The Vector Autoregression (VAR) model was used to analyze the data for Germany (DEU). The model was fitted with a maximum lag order of 12, selected based on the Akaike information criterion (AIC).

For the 'value' equation, the most significant predictor is the first lag of 'value' itself (L1.value), with a coefficient of 0.997370 and a p-value of 0.000, indicating strong evidence against the null hypothesis of the coefficient being zero. However, the coefficients for other lags of 'value' and 'Close' are not statistically significant (p-values are close to 1).

For the 'Close' equation, the constant term and the lags of 'Close' are statistically significant (p-values close to 0). The coefficients for the lags of 'value' are not statistically significant.
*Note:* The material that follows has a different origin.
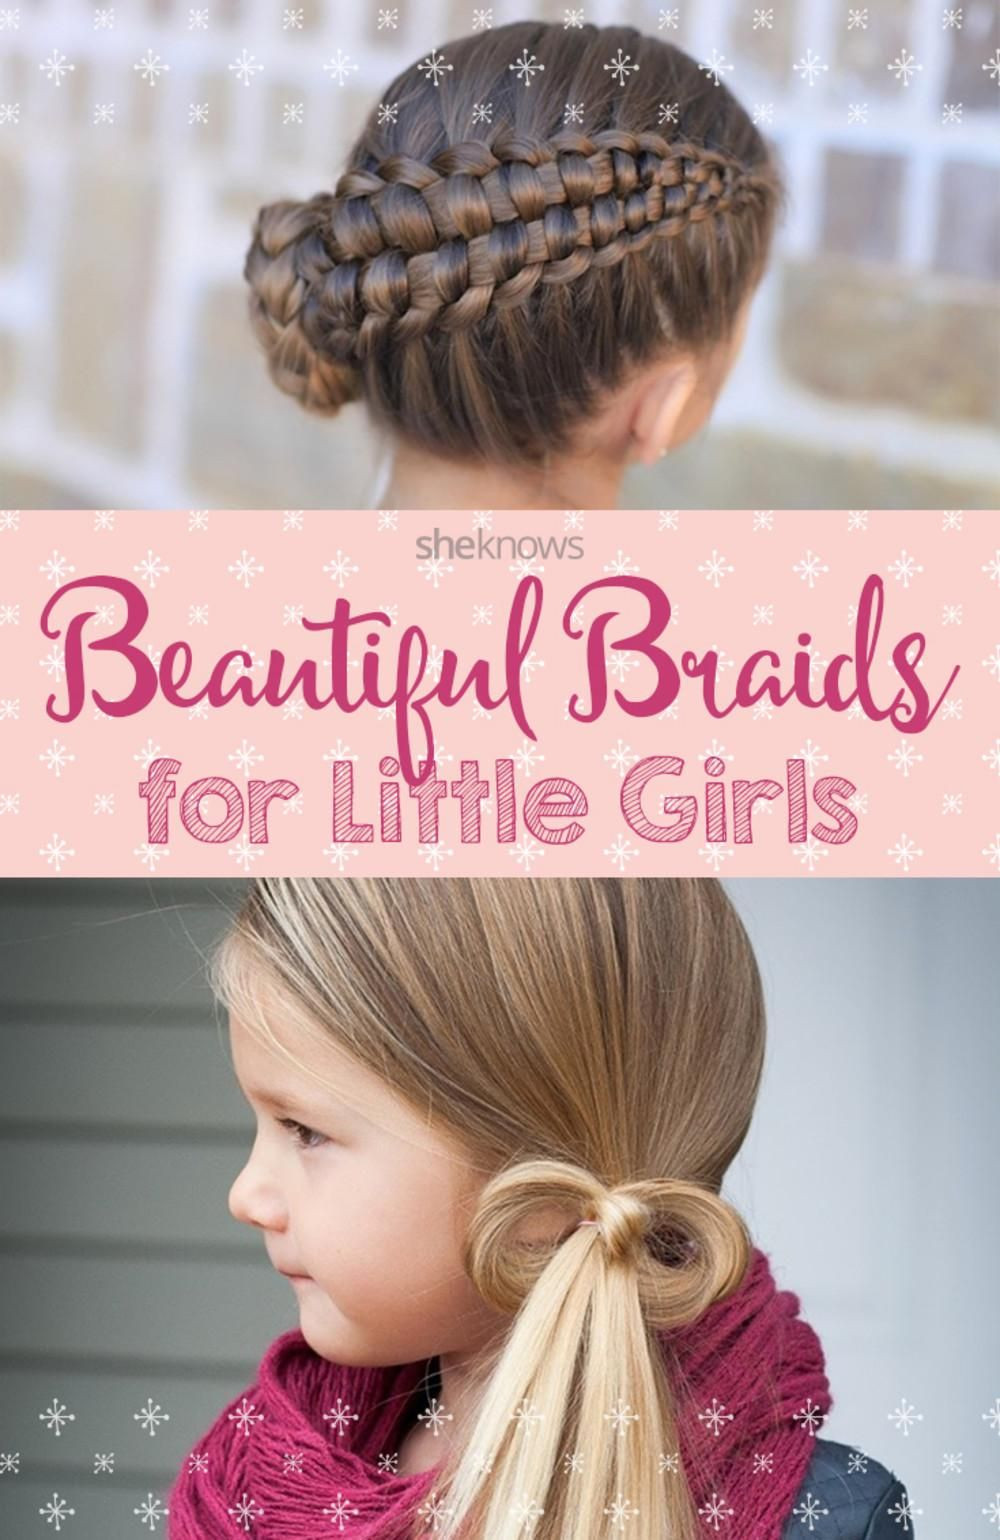 Different Hairstyles For Little Girls
 At least 25 different hairstyles for little girls who love

The correlation matrix of residuals shows a very low correlation between the residuals of 'value' and 'Close', suggesting that there is little linear relationship left in the residuals of the two series, which is a good sign for the model fit.

### Note

Please note that the interpretation of VAR model results can be complex and requires a good understanding of the subject matter and the data. The statistical significance of a variable does not necessarily imply its practical significance. It's also important to check other diagnostic measures and consider the model's assumptions and limitations.